Hierapolis runs –Curtesy Wikimedia Commons

A “gate to hell” has emerged from ruins in southwestern Turkey, Italian archaeologists have announced.
Known as Pluto’s Gate — Ploutonion in Greek, Plutonium in Latin — the cave was celebrated as the portal to the underworld in Greco-Roman mythology and tradition. Historic sources located the site in the ancient Phrygian city of Hierapolis, now called Pamukkale, and described the opening as filled with lethal mephitic vapors. “This space is full of a vapor so misty and dense that one can scarcely see the ground. Any animal that passes inside meets instant death,” the Greek geographer Strabo (64/63 BC — about 24 AD) wrote. “I threw in sparrows and they immediately breathed their last and fell,” he added. Founded around 190 B.C. by Eumenes II, King of Pergamum (197 B.C.-159 B.C.), Hierapolis was given over to Rome in 133 B.C.

The Hellenistic city grew into a flourishing Roman city, with temples, a theater and popular sacred hot springs, believed to have healing properties. Featuring a vast array of abandoned broken ruins, possibly the result of earthquakes, the site revealed more ruins once it was excavated. The archaeologists found Ionic semi columns and, on top of them, an inscription with a dedication to the deities of the underworld — Pluto and Kore. According to D’Andria, the site was a famous destination for rites of incubation.
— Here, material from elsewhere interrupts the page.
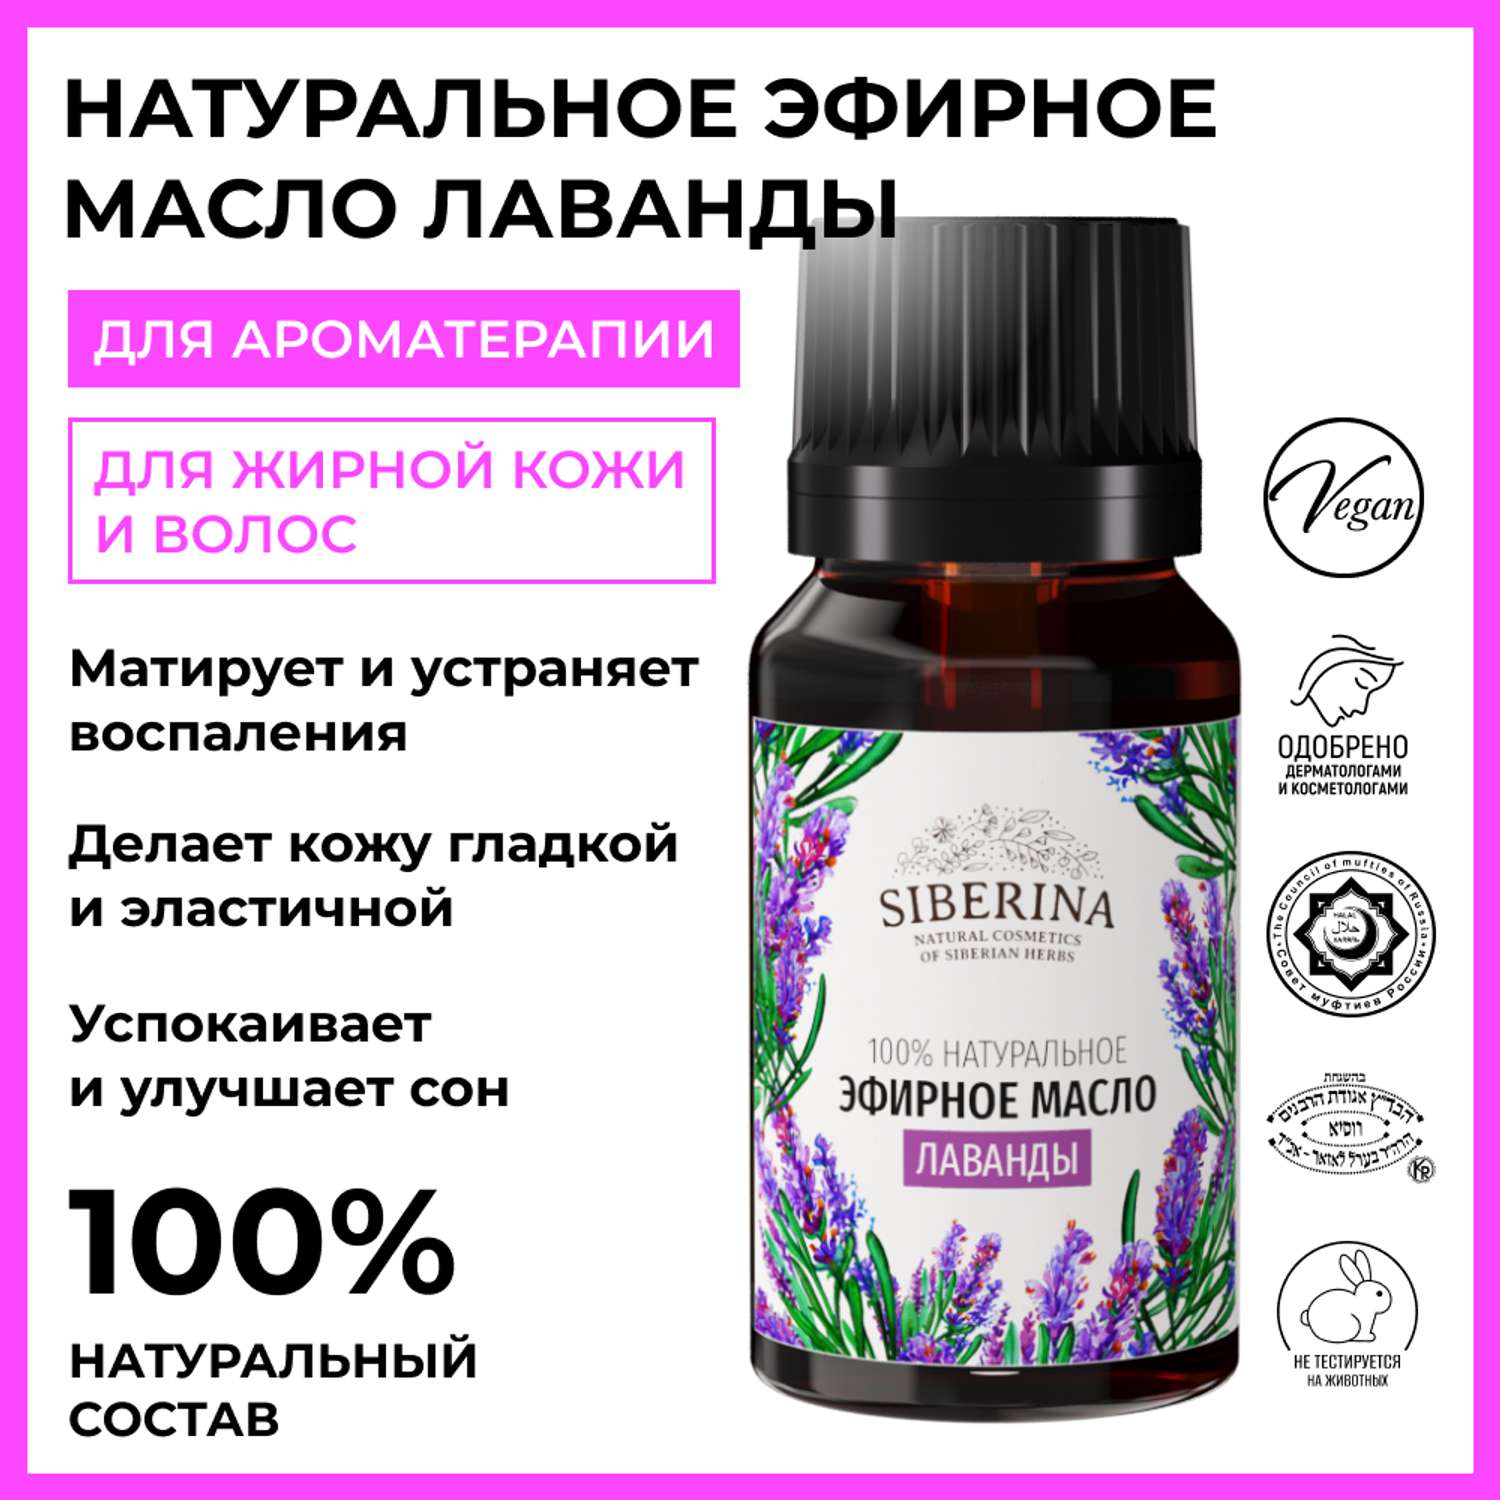 Эфирное масло Siberina натуральное «Лаванды» для тела и ароматерапии 8 мл - фото 2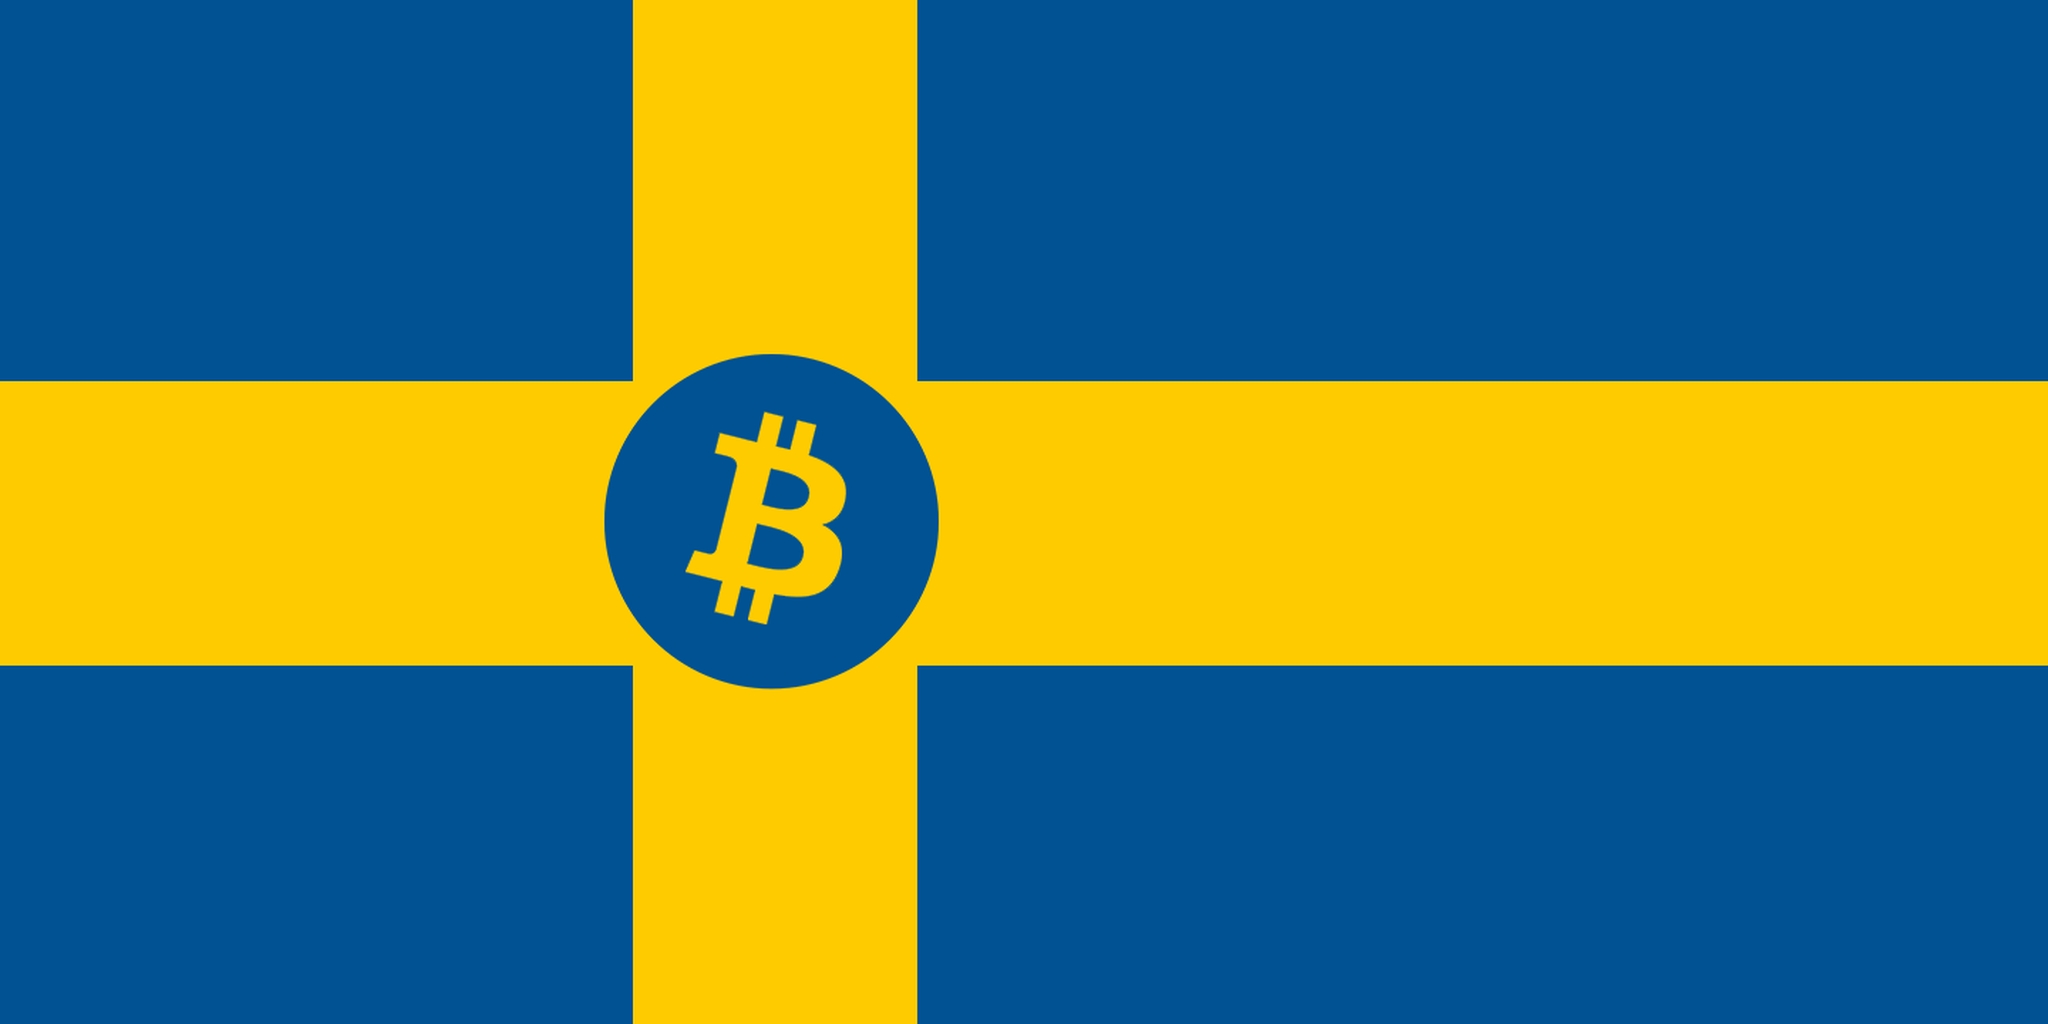 کشور سوئد بعنوان پیشروترین کشور غیر پولی اسکاندیناوی از طریق بیتکوین شناخته شد

Pilgrims took the waters in the pool near the temple, slept not too far from the cave and received visions and prophecies, in a sort of oracle of Delphi effect. Indeed, the fumes coming from the depths of Hierapoli’s phreatic groundwater produced hallucinations.

Fully functional until the 4th century AD, and occasionally visited during the following two centuries, the site represented “an important pilgrimage destination for the last pagan intellectuals of the Late Antiquity,” Filippini said. During the 6th century AD, the Plutonium was obliterated by the Christians. Earthquakes may have then completed the destruction.